Crust-mantle interaction during the tectono-thermal reactivation of the North China Craton: constraints from SHRIMP zircon U–Pb chronology and geochemistry of Mesozoic plutons from western Shandong.

Chronological, geochemical and Sr–Nd–Pb isotopic analyses have been carried out on the Mesozoic plutons in western Shandong with the aim of characterizing crustal–mantle evolution during the tectono-thermal reactivation of the craton. Detailed SHRIMP zircon U–Pb dating reveals two main periods of Mesozoic activity with contrasting compositions. The older magmatic pulse is manifested by monzonites and monzodiorites from Tongshi for which zircon rims yield a concordant age of 177±4 Ma and the cores have a discordant age of ca. 2.5 Ga. Low MgO and Cr, high Na₂O contents and especially their isotopic compositions (⁸⁷Sr/⁸⁶Sr < 0.7042, ²⁰⁶Pb/²⁰⁴Pb < 16.8 and ε_Nd ~ -12) are consistent with derivation from late Archean–Paleoproterozoic lower crust. Relatively high HREE contents in these Jurassic plutons indicate a garnet-free source (<32 km), in contrast to the garnet-bearing source (>40 km) of the late Mesozoic high Sr and low Y granitoids from the same region. Distinctively different depths of crustal melting suggest dynamic thickening of the crust by magmatic underplating during the Jurassic and Cretaceous. The younger dioritic plutons from Laiwu and Yinan were emplaced at 132–126 Ma and show relatively high MgO and Cr contents and large isotopic variability. They were likely derived from enriched lithospheric mantle source and were subjected to crustal contamination during magma evolution. Early Cretaceous mantle melting is coeval with the widespread late Yanshanian granitic magmatism in North China. Early Cretaceous time may correspond to a critical period when a temperature increase due to lithospheric thinning allowed the intersection of the local geotherm and the wet peridotite solidus. While some mantle-derived magmas were erupted, most were trapped at variable crustal depths, triggering large-scale concomitant melting of the crust. Lithospheric thinning must have continued until the late Cretaceous because of the change in the source of mafic magmas from lithospheric to asthenospheric at that time.
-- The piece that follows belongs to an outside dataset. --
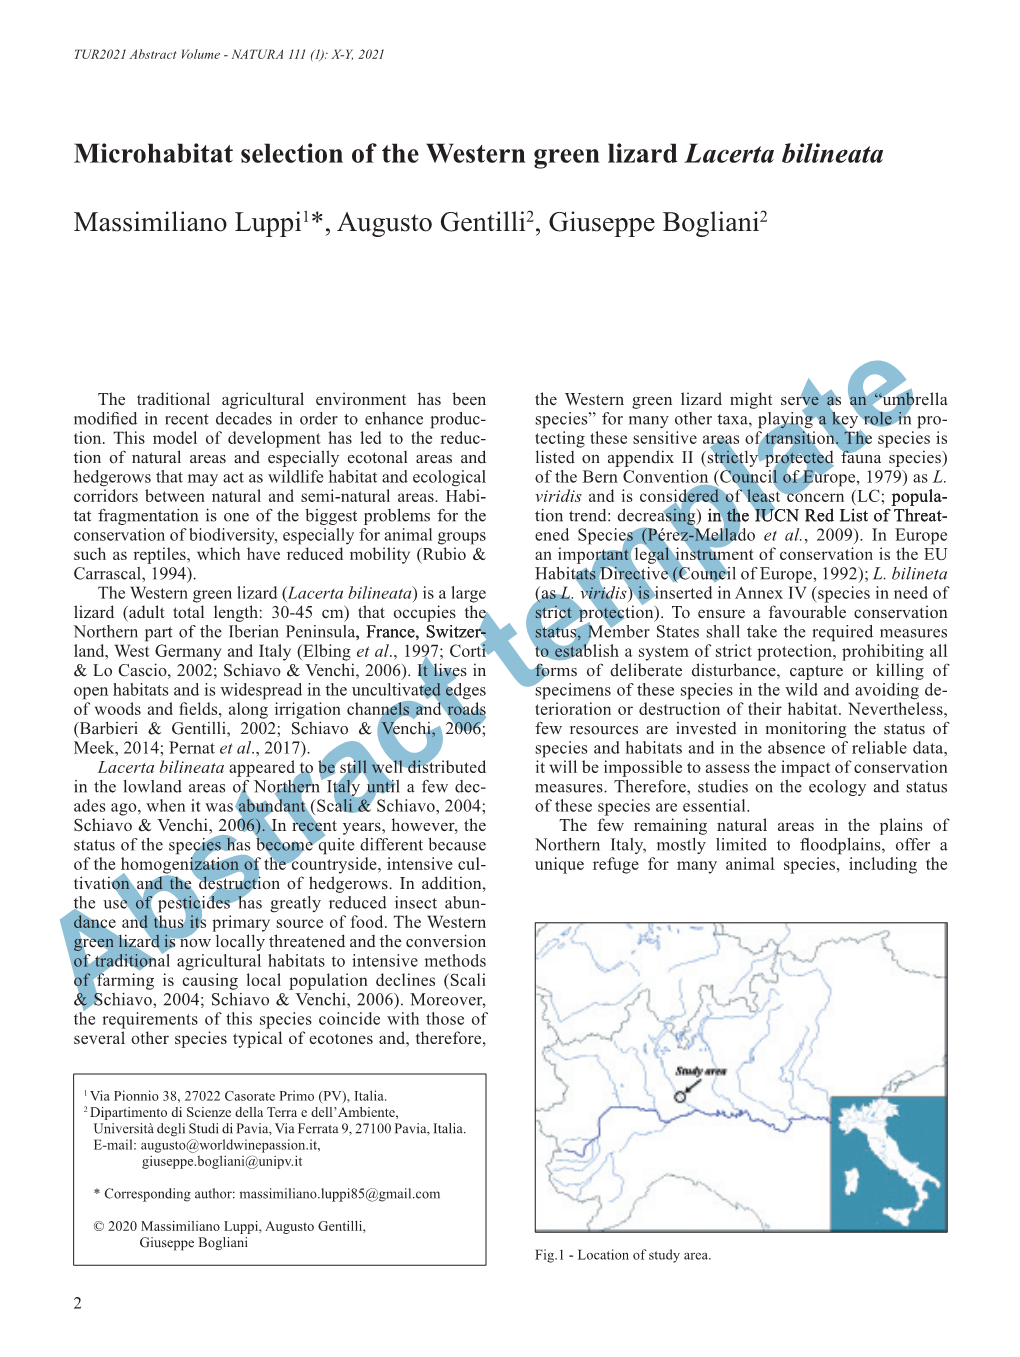 Microhabitat Selection of the Western Green Lizard Lacerta Bilineata Massimiliano Luppi1*, Augusto Gentilli2, Giuseppe Bogliani2

It is proposed that removal of the lithospheric keel beneath the North China craton may have been initiated as early as the Jurassic, but with the most intense period in the Cretaceous between 130–75 Ma. Such a relatively long timescale (~100 Ma) emphasizes the role of thermomechanical erosion by convective mantle in lithospheric thinning beneath this region. [ABSTRACT FROM AUTHOR]